Итак, кристевский дискурс материнской проблематики всегда опосредован тем ребенком, вечным ребенком, которым является художник. Художники Кристевой, фактически, обладают некими общими характеристиками, которые делают их странно подобными друг другу. Все они одержимы великой материнской страстью и многие из них принимают имя своей матери (или бабушки, в случае Селина) или эзотерически играют с ним. Для них, так или иначе, но означивающая практика есть счастливо свершившийся инцест — практика, открывающаяся превышением значения, как в прозрачности живописи Беллини или звездном смехе Рая Данте, — но которая может также раскрываться в ужасе рушащихся границ (снова Селин) и таким образом приводить к творчеству, свершающемуся как непрерывное бегство.

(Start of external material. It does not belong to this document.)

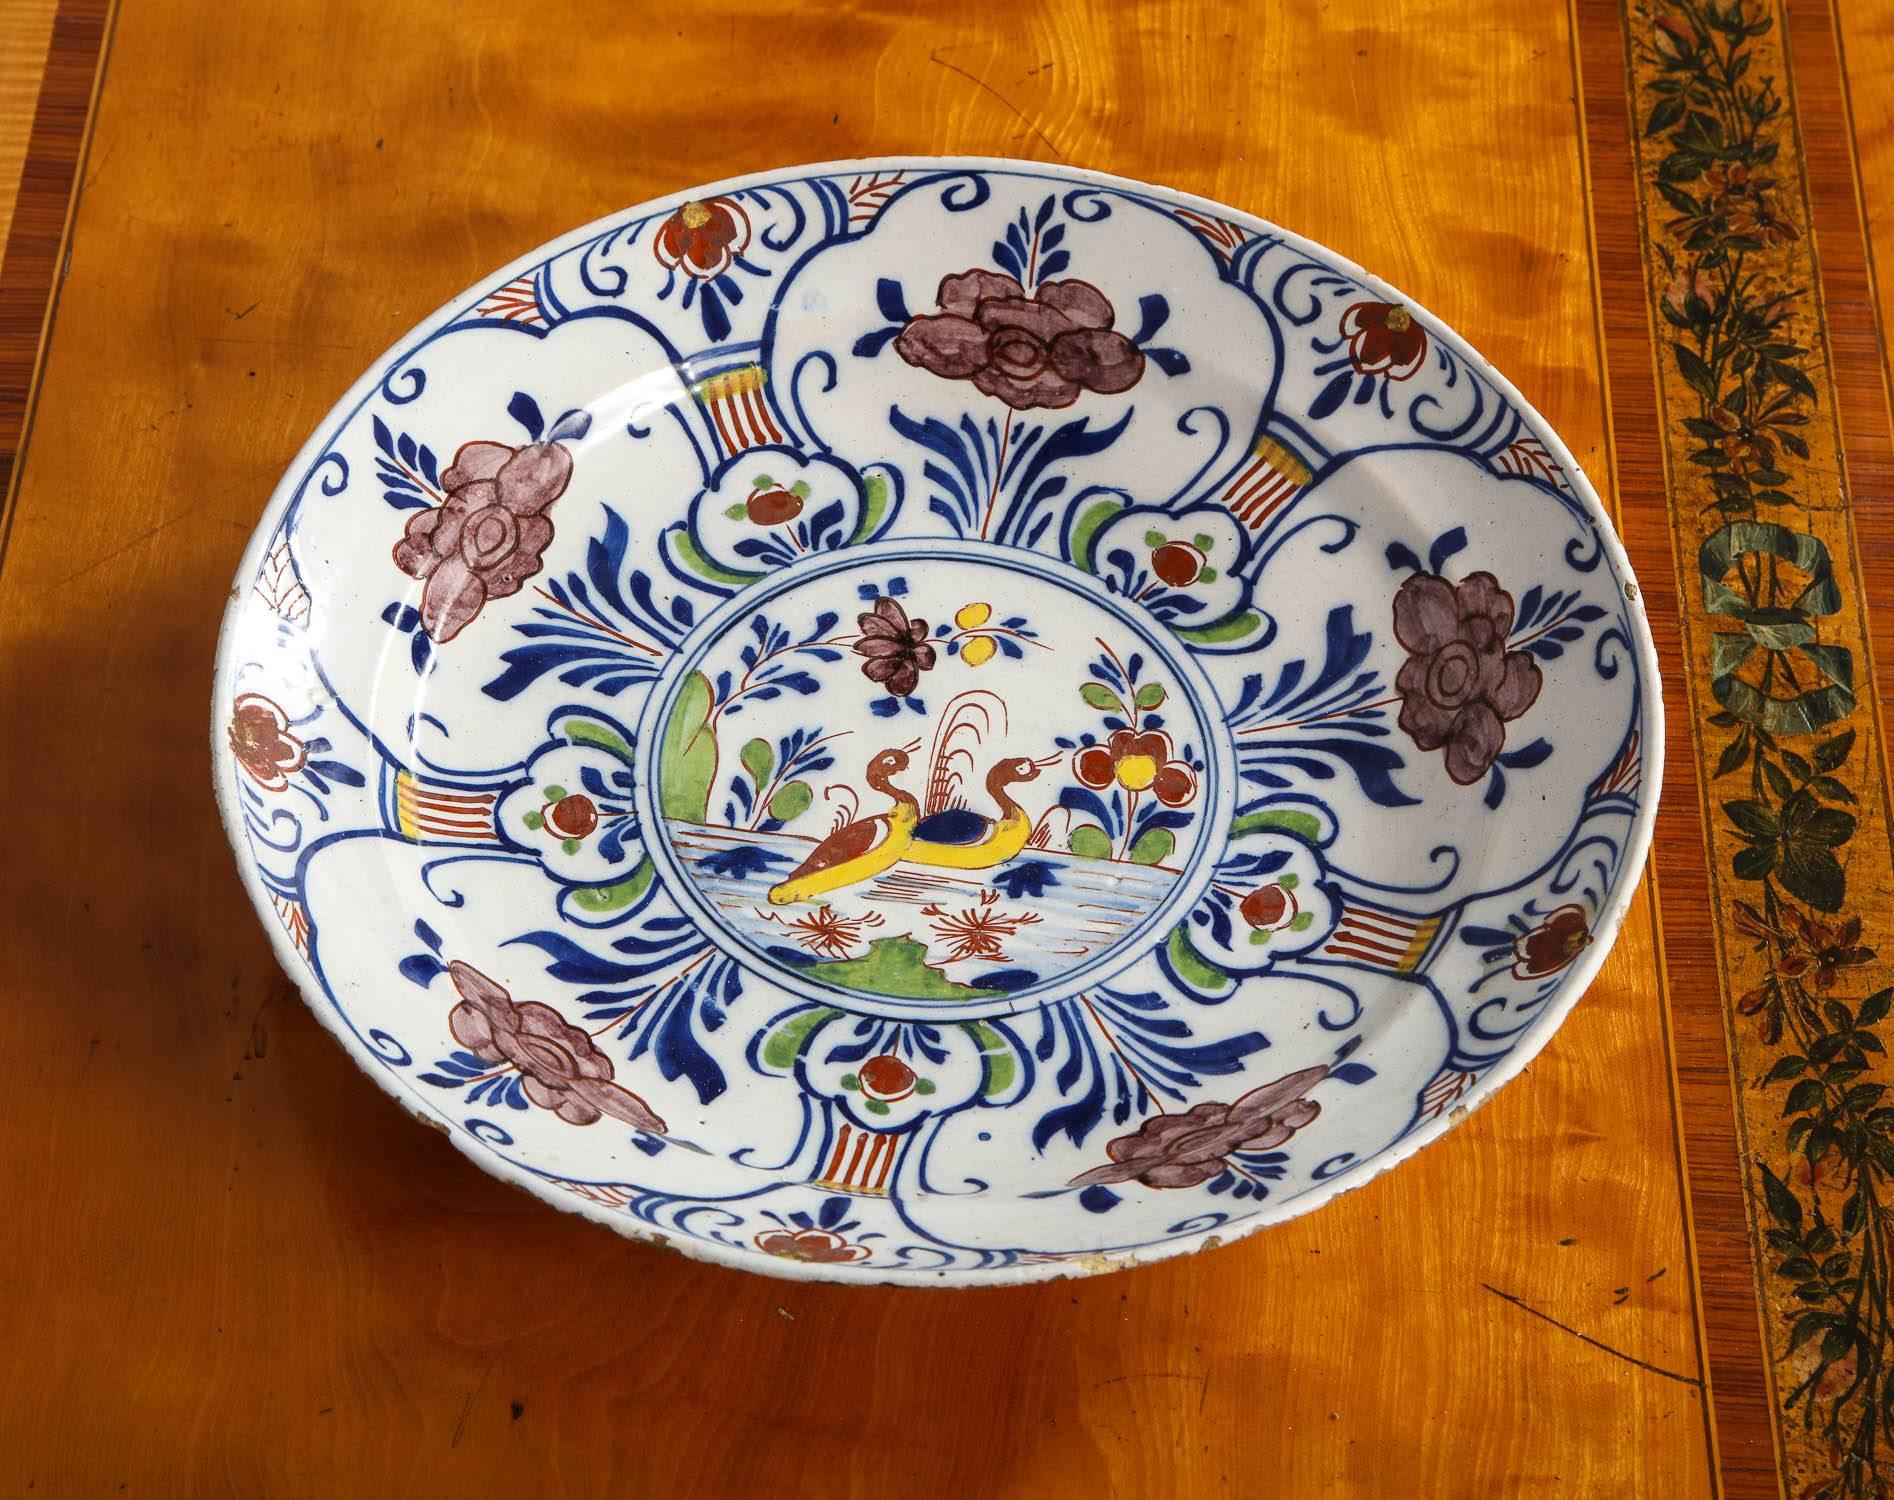 Fine 18th century Dutch delft charger/deep dish featuring two ducks in a pond with foliate decorated border, in manganese, yellow, blue and green glazes, having pottery mark

Так художественная практика, изучаемая Кристевой, приравнивается к «апроприации — таинственной или насильственной, фетишистской или психотической — этой обратной стороны, поддержки и источника могущества, то есть материнской мощи и наслаждения» [17] . Значит, художники Кристевой стремятся узурпировать женскую роль и находят своего двойника в фигуре сестры, воспроизводящей их собственный опыт того, что находится вне символического, и их проблематичный призыв к тому, что находится вне значения.
17
La R'evolution du langage po'etique: l'avant-garde a la fin du XIXe si`ecle, Lautr'eamont et Mallarm'e. Paris: Seuil, 1974. P.483.